Despite the clear benefits of the centralized LT programme and its low cost compared with the potential costs of each country establishing its own PMS system for RDTs, funding concerns have made its future beyond 2020 uncertain. In order to manage the risks of misdiagnosis due to low quality RDTs, and to ensure the continued safety and reliability of malaria case management, there is a need to ensure that an effective and implementable approach to RDT quality control continues to be available to programmes in endemic countries.

Background

As RDTs became increasingly used in the early 2000s, critical quality limitations became apparent [1,2,3] which could not be identified and resolved by the weak regulatory oversight in endemic countries. To respond to this need for an independent quality control (QC) system, the World Health Organization (WHO), together with the Research Institute for Tropical Medicine, Philippines, and the Institut Pasteur du Cambodge, Cambodia, initiated a lot-testing (LT) programme in 2003, which then expanded in collaboration with the Foundation for Innovative New Diagnostics (FIND) to a Global RDT Evaluation Programme, comprising the Product Testing and LT programmes [4, 5]. The former informed WHO procurement criteria until RDT prequalification became a requirement in December 2017. LT assesses lot quality before deployment at the request of procurers, manufacturers, or National Malaria Control Programmes (NMCPs), using a testing algorithm with standardized QC samples derived from patient blood [6] (Fig. 1).

Fig. 1
figure 1

Overview of the Lot Testing process. a Schematic overview of the overall lot testing process, based on samples at 200 parasites per microlitre of blood (p/µL) and with antigen concentrations within a standardized range corresponding to this parasitaemia, *indicates a condition that applies to combination tests only. b Schematic overview of the testing procedure and pass/fail criteria. RDTs must detect all repeats of all samples at 200 p/µL in order to pass. False positives and anomalies, such as red background, flow failure, etc., are reported as comments and not used for pass/fail decisions. Insufficient buffer is reported as a “fail” result, #confirmatory testing in a second laboratory, if necessary, is performed according to the same two-step procedure than for the initial testing and using a different set of samples. c Main components and activities required for the LT programme are indicated. LT = Lot Testing, Pf = P. falciparum, EQA = External quality assessment, QMS = Quality management system

Within a few years, LT has become a component of the procurement processes of all major public sector procurers, including Médecins Sans Frontières (MSF), the United States President’s Malaria Initiative (PMI), and the United Nations International Children’s Emergency Fund (UNICEF), and it became mandatory for procurement under grants from the Global Fund (GF). When the funding of the UNITAID programme ended in 2017, the WHO leveraged funding to support one laboratory, but stopped replenishing QC sample stocks and the future of the programme is now unclear [7]. Since mid-2017, the GF ceased to require WHO-coordinated LT, requesting instead that countries “arrange for the monitoring of the quality of diagnostic products procured with grant funds in line with relevant WHO guidelines on post-marketing surveillance (PMS) of in vitro diagnostics (IVDs)” [8]. Precise guidance on testing procedures and QC standards is however not available, except some example procedures for LT of HIV RDTs [9]. Other procurers continue to utilize the service.

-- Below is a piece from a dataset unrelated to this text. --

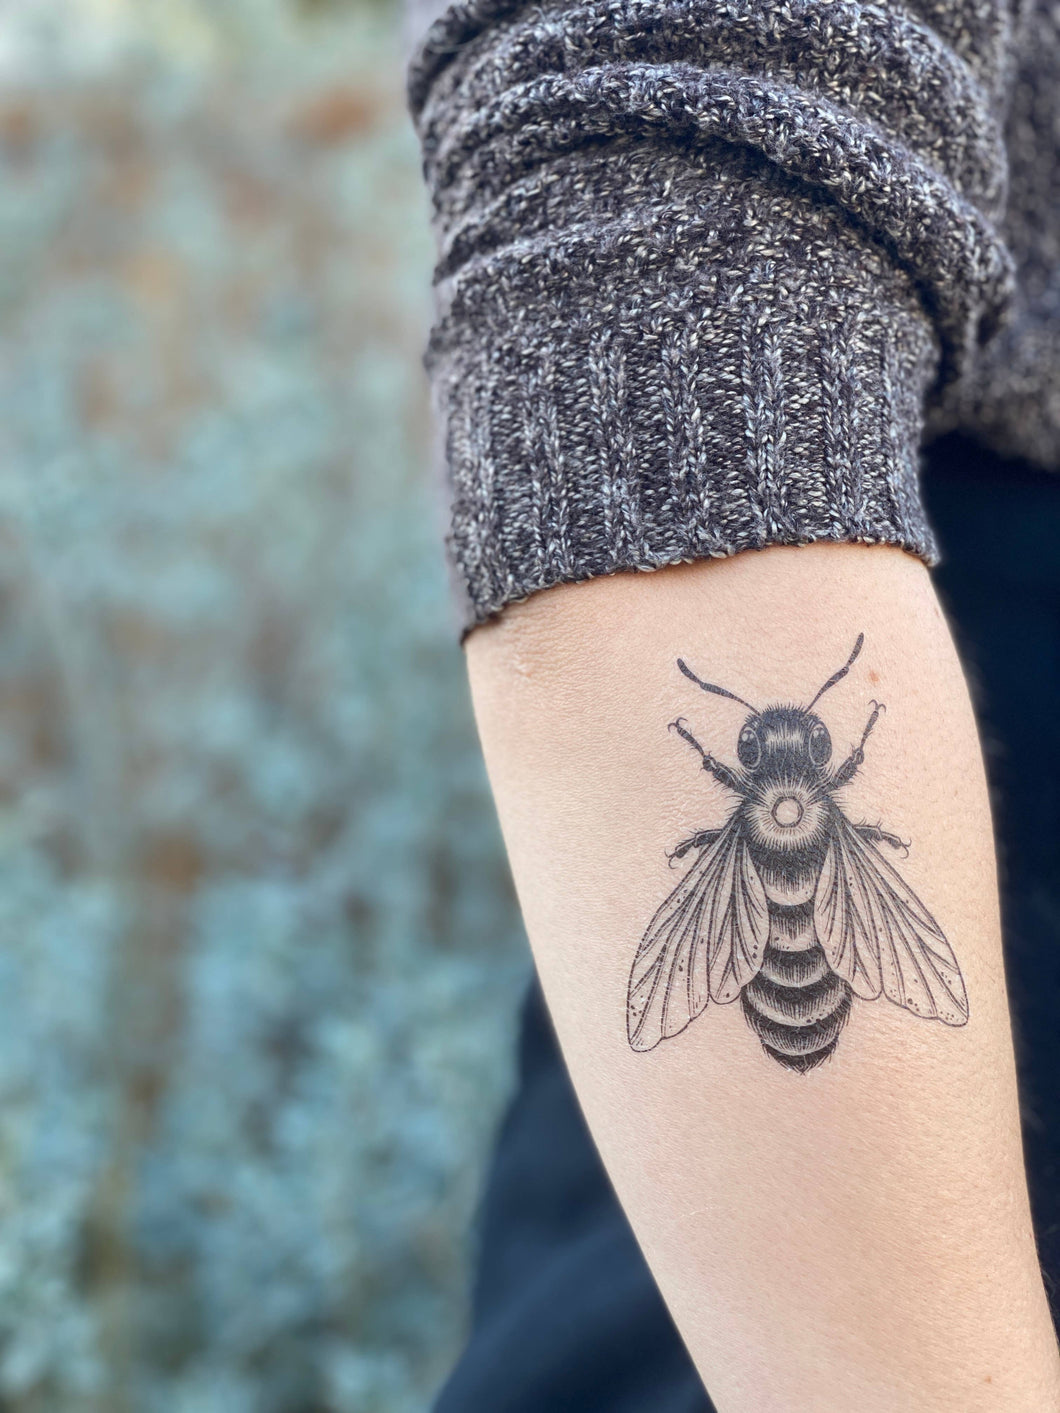 Big bee temporary tattoo, original design, hand-drawn in black lines. This familiar pollinator and beloved insect represents spring and productivity to many people. What does the bee represent to you?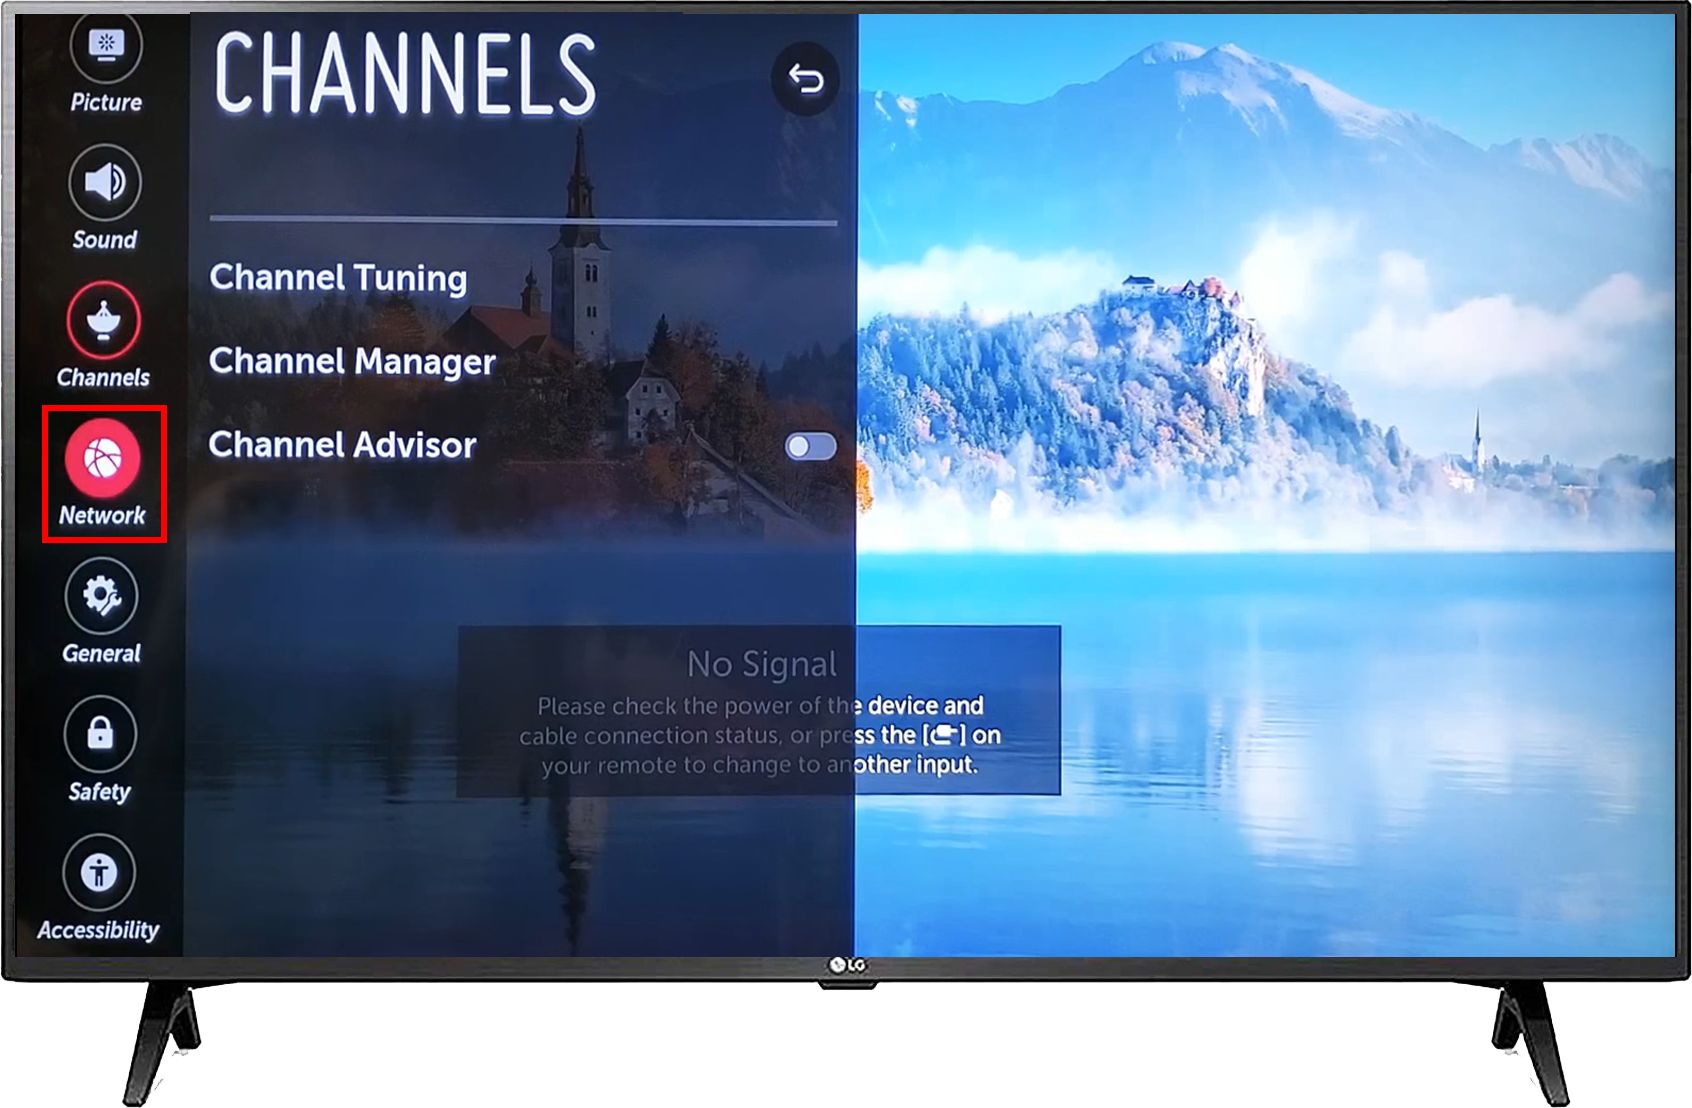 How To Connect Cable To LG Smart TV

Impact of the lot-testing programme

From 2007 to 2017, 6056 lots were evaluated, representing an estimated 1.6 billion RDTs [10] (unpublished LT programme data). Overall, 69 (1.1%) failures were detected, of which 26 at RDT receipt and 43 after long-term storage (Table 1). The 26 initial failures correspond to an estimated 7.9 million RDTs, which could have reached end-users and potentially led to incorrect clinical decisions. Most failures (20/26, 76.9%) were due to non-detection of Plasmodium vivax samples at 200 parasites/µL, and failure rates did not change much over time, demonstrating the importance of continued testing.

Table 1 Summary of Lot Testing failures (2007–2017)

More than half of the long-term failures (24/43, 56%) were due to partly evaporated buffer in single-use buffer vials [10,11,12]. Throughout 2014 to June 2017, this problem affected 24 lots of 5 products from 3 WHO-prequalified manufacturers. The detection of this issue triggered a WHO Notice of Concern discouraging procurement of these products until problem resolution [13]. Without LT, such issues may go undetected, as proactive post-marketing surveillance (PMS) for diagnostics is weak and health workers are usually not trained to detect and report quality issues, often being unaware of existing complaint systems [14, 15]. The programme’s formal reporting of RDT anomalies, such as incomplete clearing and red background [16], also formed the basis for successful product replacement in some cases. The ‘non-routine’ LT assessed RDTs withdrawn from the field in various countries and allowed differentiating between product defects, operator errors, and parasite factors. Ruling out product defects led to the subsequent confirmation of high Plasmodium falciparum hrp2/hrp3 gene deletion rates in Eritrea as the cause of false negative RDT results [17], impacting on the use of HRP2-based RDTs in this region.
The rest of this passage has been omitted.